# Oops, wrong powder!



## John I. Shore (Jan 12, 2012)

Pulled this off another site, seems the shooter had BOTH, smokeless and Black powder on his bench when shooting.  He loaded 110 grns of smokeless shotshell powder into the barrel and touched it off.  Oops. 

John I.


----------



## Lukikus2 (Jan 12, 2012)

Good lord at the destruction. Is he alive?


----------



## miles58 (Jan 12, 2012)

There has to be more to the story than that.

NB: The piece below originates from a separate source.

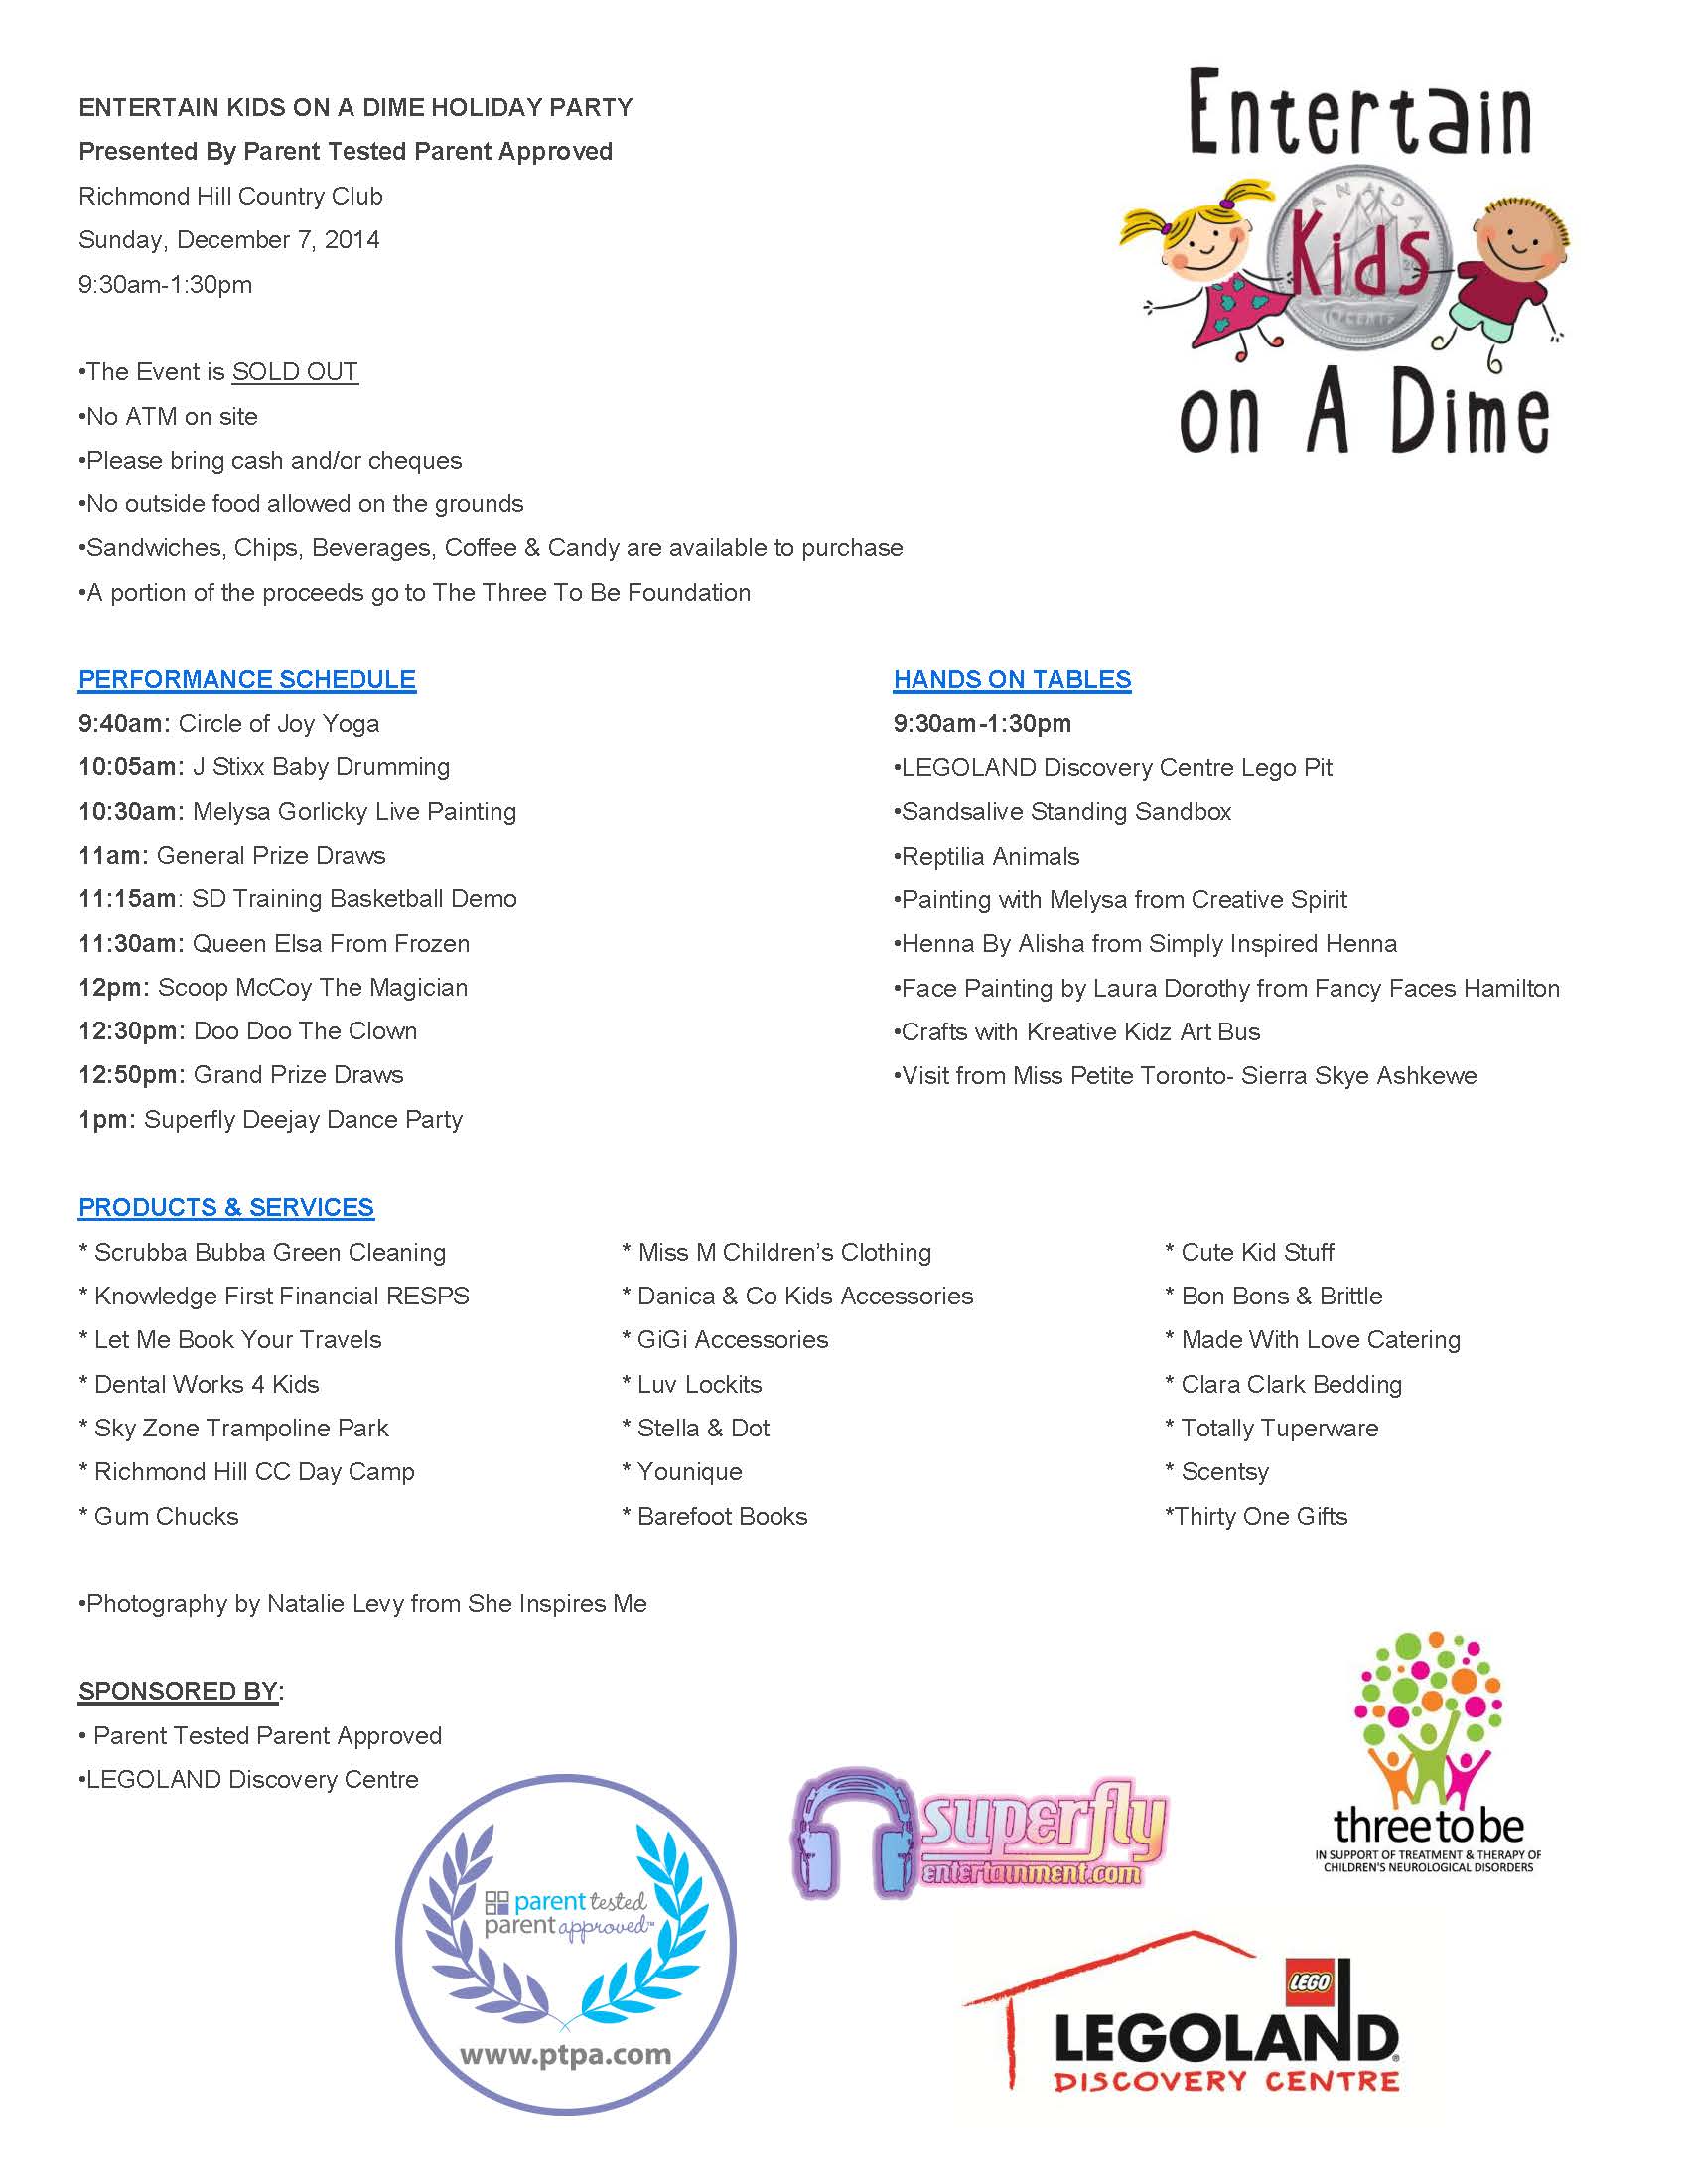 ENTERTAIN KIDS ON A DIME HOLIDAY PARTY PROGRAM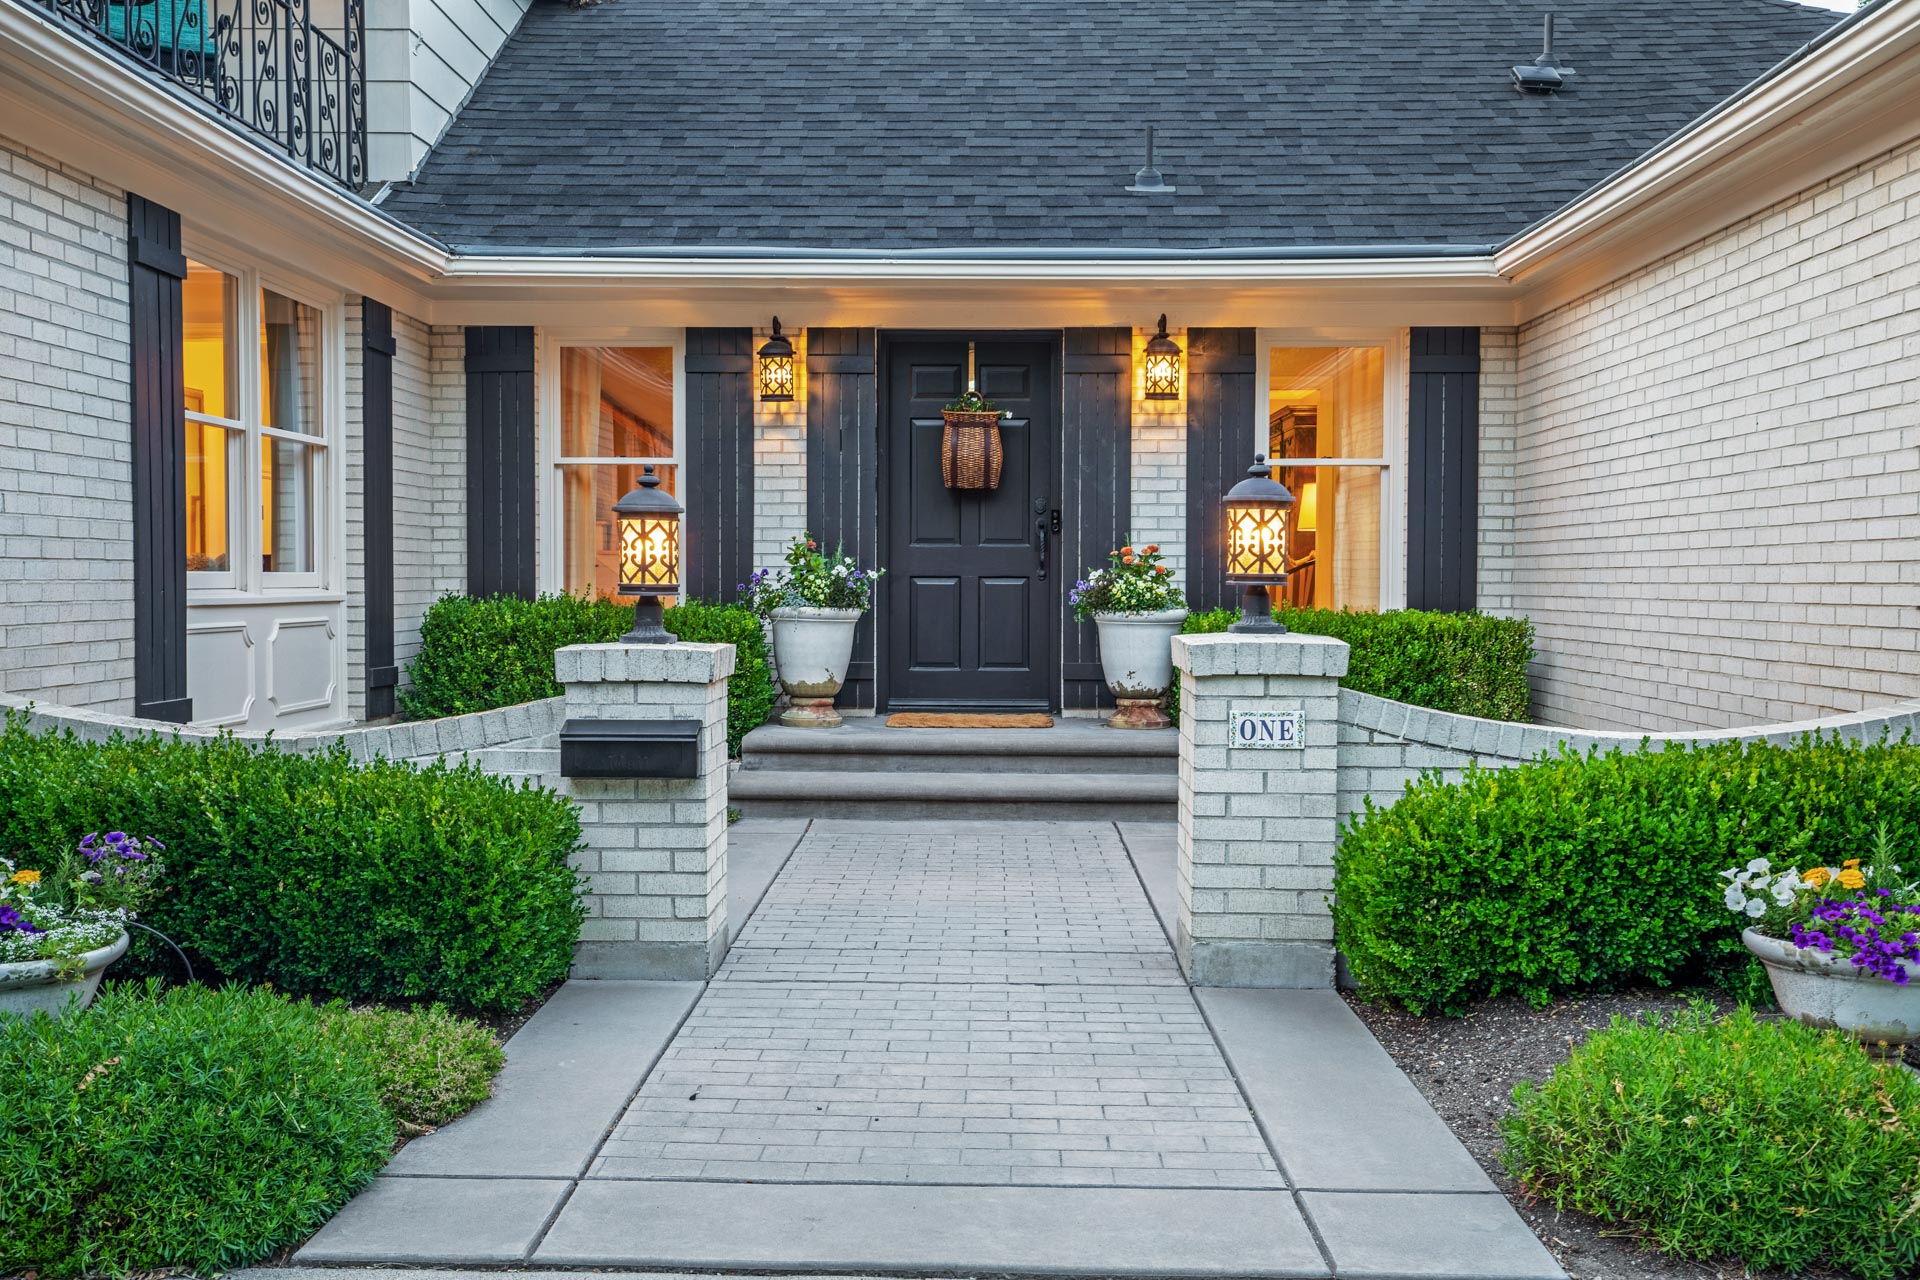 An inviting house entrance with a black door, symmetrical porch lights, and well-manicured landscaping featuring aspen maintenance.

Anyone with half a brain would know that making that kind of a mistake might well be fatal.

Dave


----------



## chadf (Jan 12, 2012)

More details!


----------



## John I. Shore (Jan 12, 2012)

Sorry guys, like I stated, pulled it from another site, all that I know is what I posted and that the shooter survived. 
I'm sure he developed a flinch after that!

John I.


----------



## Supercracker (Jan 12, 2012)

messermacher said:


> I'm sure he developed a flinch after that!
> 
> John I.



Yeah. He's probably also now a hardcore bowhunter.


----------



## jkk6028 (Jan 12, 2012)

mental note........never do that


----------



## harryrichdawg (Jan 12, 2012)

I just can't understand why he had shotshell powder out on the bench with him.  I'm assuming that this happened at the range and he loaded his ML at the range.  Unless he loaded up his speedloaders at home at his loading bench and grabbed the shotshell powder by mistake, it doesn't make sense.  I bet he'll never do it again.  Like someone said, you can bet he's gonna flinch everytime he shoots a gun from now on.


----------



## RNC (Jan 12, 2012)

.................................


----------



## Desert Rat (Jan 12, 2012)

Seven smokes, hmmmm....
10 minutes of trying to get his nerves in check?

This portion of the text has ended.